Computing style （ Calculate the Clem matrix ）

By taking the outer product of the eigenvector and itself at each position , And find the average value of the outer product at all positions , Calculate the Clem matrix containing this information .
Insert picture description here
This can be used tf.linalg.einsum Function to implement

def gram_matrix(input_tensor):
  result = tf.linalg.einsum('bijc,bijd->bcd', input_tensor, input_tensor)
  input_shape = tf.shape(input_tensor)
  num_locations = tf.cast(input_shape[1]*input_shape[2], tf.float32)
  return result/(num_locations)

Extract the style and content of the image

Build a model of return style and content tensor

class StyleContentModel(tf.keras.models.Model):
  def __init__(self, style_layers, content_layers):
    super(StyleContentModel, self).__init__()
    self.vgg = vgg_layers(style_layers + content_layers)
    self.style_layers = style_layers
    self.content_layers = content_layers
    self.num_style_layers = len(style_layers)
    self.vgg.trainable = False

  def call(self, inputs):
    "Expects float input in [0,1]"
    inputs = inputs*255.0
    preprocessed_input = tf.keras.applications.vgg19.preprocess_input(inputs)
    outputs = self.vgg(preprocessed_input)
    style_outputs, content_outputs = (outputs[:self.num_style_layers],
                                      outputs[self.num_style_layers:])

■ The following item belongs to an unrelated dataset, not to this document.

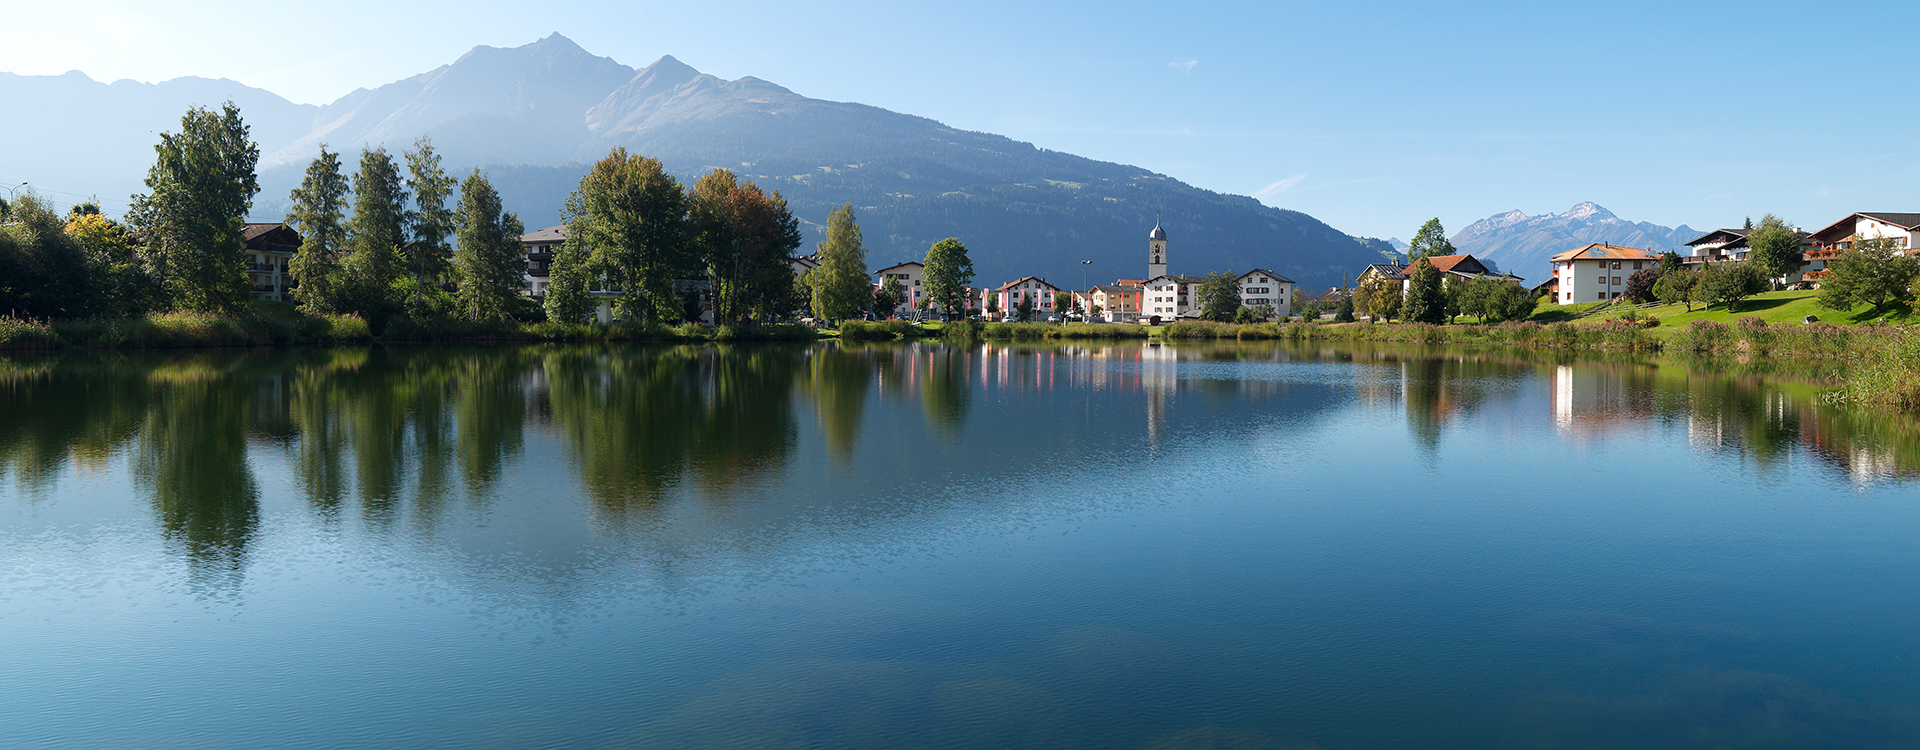 Baden in unseren Seen und Bergseen in Flims, Schweiz.

    style_outputs = [gram_matrix(style_output)
                     for style_output in style_outputs]

    content_dict = {
    content_name: value
                    for content_name, value
                    in zip(self.content_layers, content_outputs)}

    style_dict = {
    style_name: value
                  for style_name, value
                  in zip(self.style_layers, style_outputs)}

    return {
    'content': content_dict, 'style': style_dict}

extractor = StyleContentModel(style_layers, content_layers)

results = extractor(tf.constant(content_image))

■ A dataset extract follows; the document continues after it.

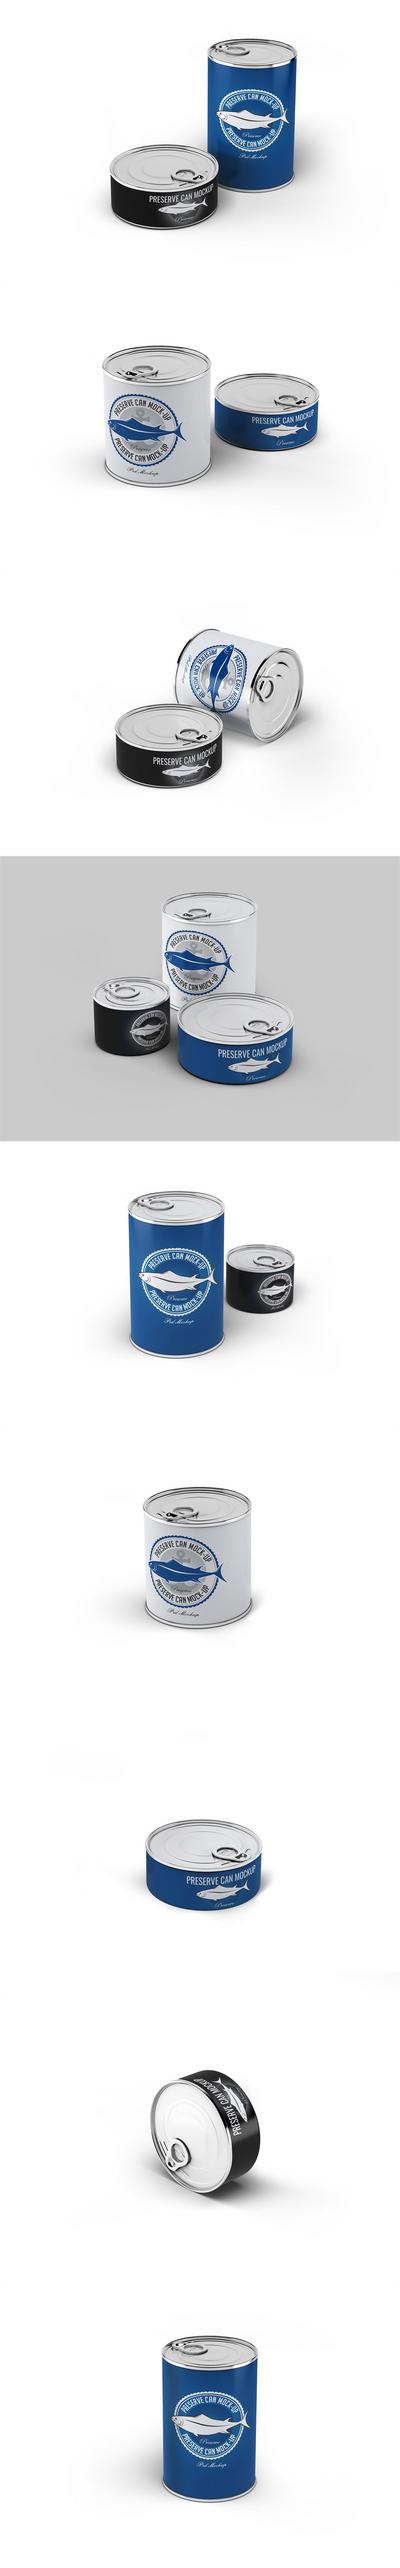 南门网 品牌 VI 样机 饮料 罐头 易拉罐 效果图 PS 啤酒 碳酸饮料 食品

When we input the image , The model will return style_layers Clem matrix and content_layers The content of .

The operating gradient drops

With style and content extractors , We can now run the style migration algorithm program .

By calculating the mean square error of the image output relative to each target , Then take the weighted sum of these losses .

Establish style and content goals

style_targets = extractor(style_image)['style']
content_targets = extractor(content_image)['content']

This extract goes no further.